Con respecto a la opción elegida, en un primer momento pensé en restaurar el equipo original, pero la descarte por varias cuestiones: Toco la guitarra y siempre quise armar un valvular para guitarra, el circuito del amplificador de guitarra es mas sencillo para arrancar, lleva la mitad de los componentes, por lo que si alguno esta dañado o se daña por algún error que pueda cometer, tengo un remplazo, y al ser mas sencillo creo que va a ser mucho mejor para arrancar. La idea del proyecto, ademas de hacer andar el amplificador, es aprender sobre este tipo de equipos y creo que mientras mas sencillo mejor. 

Por ultimo, lo de la tensión encontrada con el buscapolo voy a investigar un poco mas. En principio parece estar todo bien, probe continuidad con todas las ramas del transformador y su carcasa y en todas me marca que no tiene continuidad, pero voy a seguir investigando el asunto..


----------



## geor16 (Nov 30, 2019)

Estuve haciendo algunas mediciones en el transformador de alimentación. Primero lo conecte a la red con una lampara de 25W en serie y la lampara se encendió, por lo que note que algo pasaba y lo desconecte. Al medir la resistencia de los bobinados me arrojo los siguientes resultados [Figura 5]: En el primario:  15 ohm, en el secundario 180 ohm, y en el de 6,3V me dio 1 ohm.

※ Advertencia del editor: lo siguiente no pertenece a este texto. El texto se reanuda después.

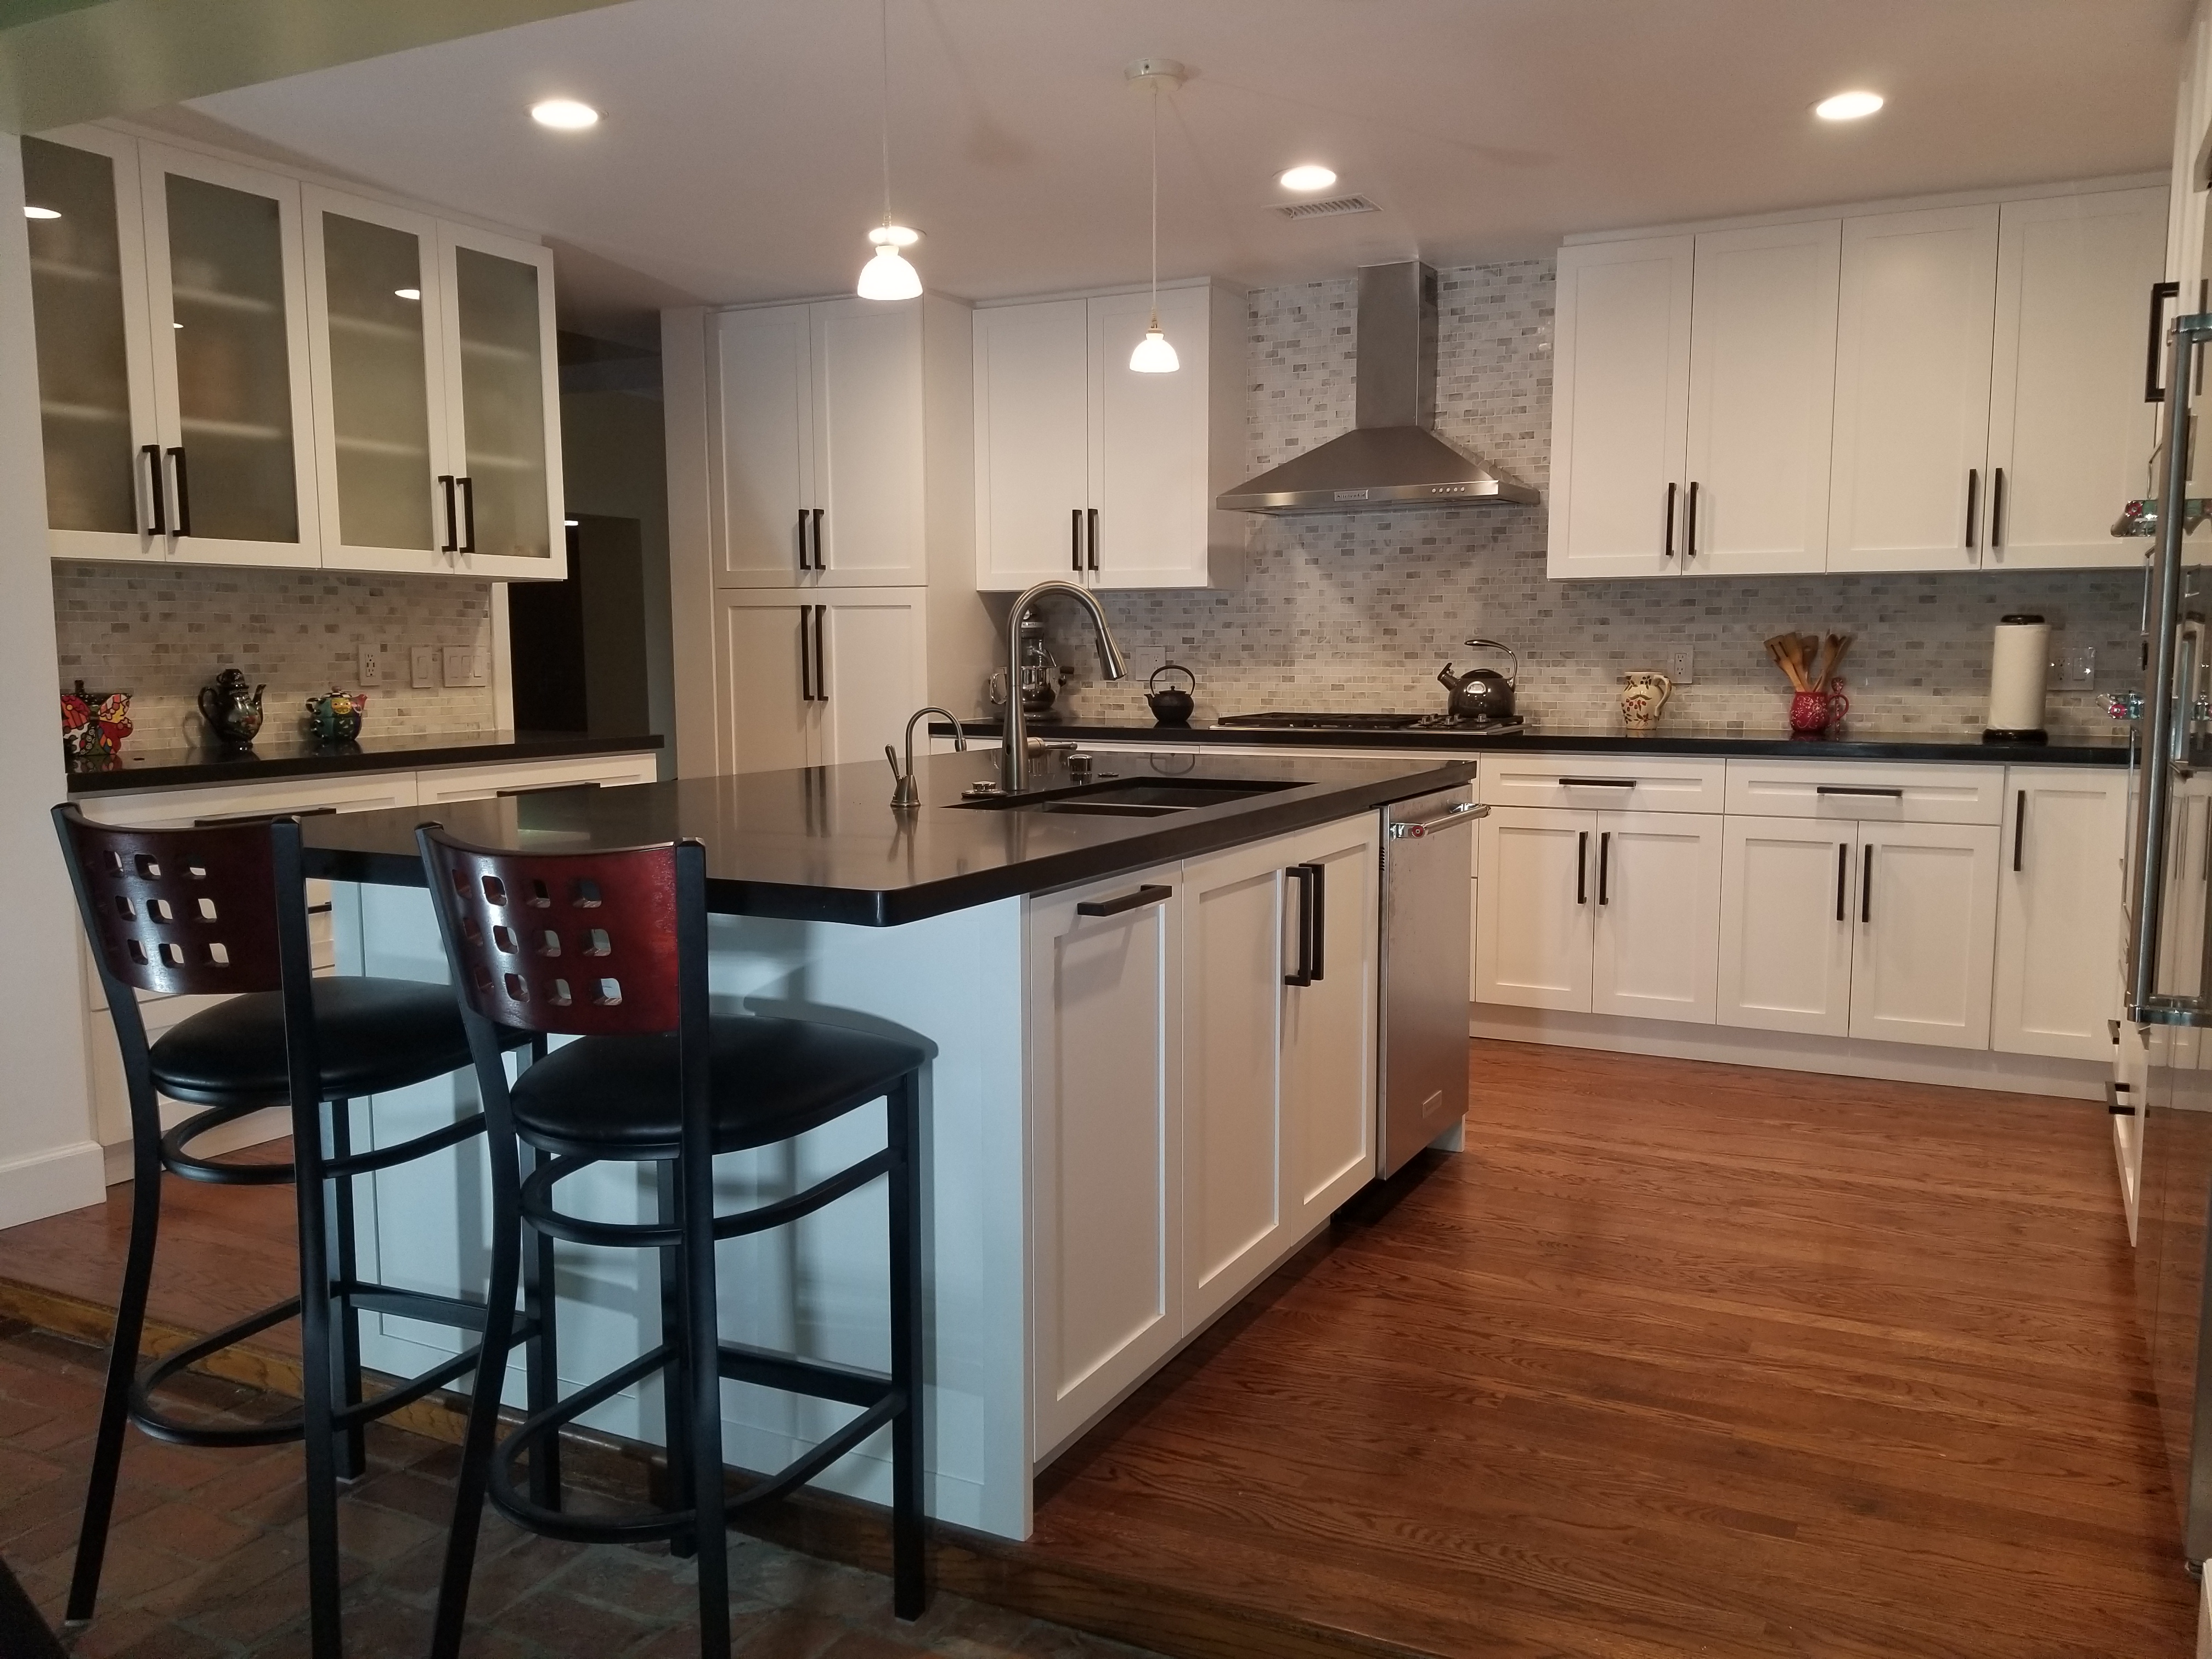 Latest Projects | New Style Kitchen Cabinets corp.

Por lo que tengo entendido estas mediciones me dan un indicio de que esta en corto el bobinado de 6,3V que es el que corresponde a alimentar el filamento de las válvulas.  Ahora para solucionar este problema se me ocurrió eliminar el bobinado de 6,3V (en el caso de que sea el bobinado de arriba, es decir el ultimo bobinado) y alimentar esos 6,3V con otro trasformador. Es mas escuche que para eliminar el ruido se puede alimentar los filamento con continua. Seria una solución aceptable?


----------



## DOSMETROS (Nov 30, 2019)

Y por que no hacerlo andar , venderlo y comprarse directamente el de guitarra valvular . . .


----------



## geor16 (Dic 3, 2019)

Finalmente arme el amplificador y esta funcionando. El único problema es que me da unos voltajes un poco distintos a los que figuran en el esquema. ¿Esto puede generar algún problema grave a futuro? los voltajes en verde [Figura 6] son de las mediciones realizadas en el amplificador andando.


----------



## marianonardi (Jun 29, 2021)

Hola, como estas? disculpa la consulta. Los trafos originales del 343 los usaste o los tenes disponibles? Gracias!


----------



## Rorschach (Jul 1, 2021)

marianonardi dijo:


> Hola, como estas? disculpa la consulta. Los trafos originales del 343 los usaste o los tenes disponibles? Gracias!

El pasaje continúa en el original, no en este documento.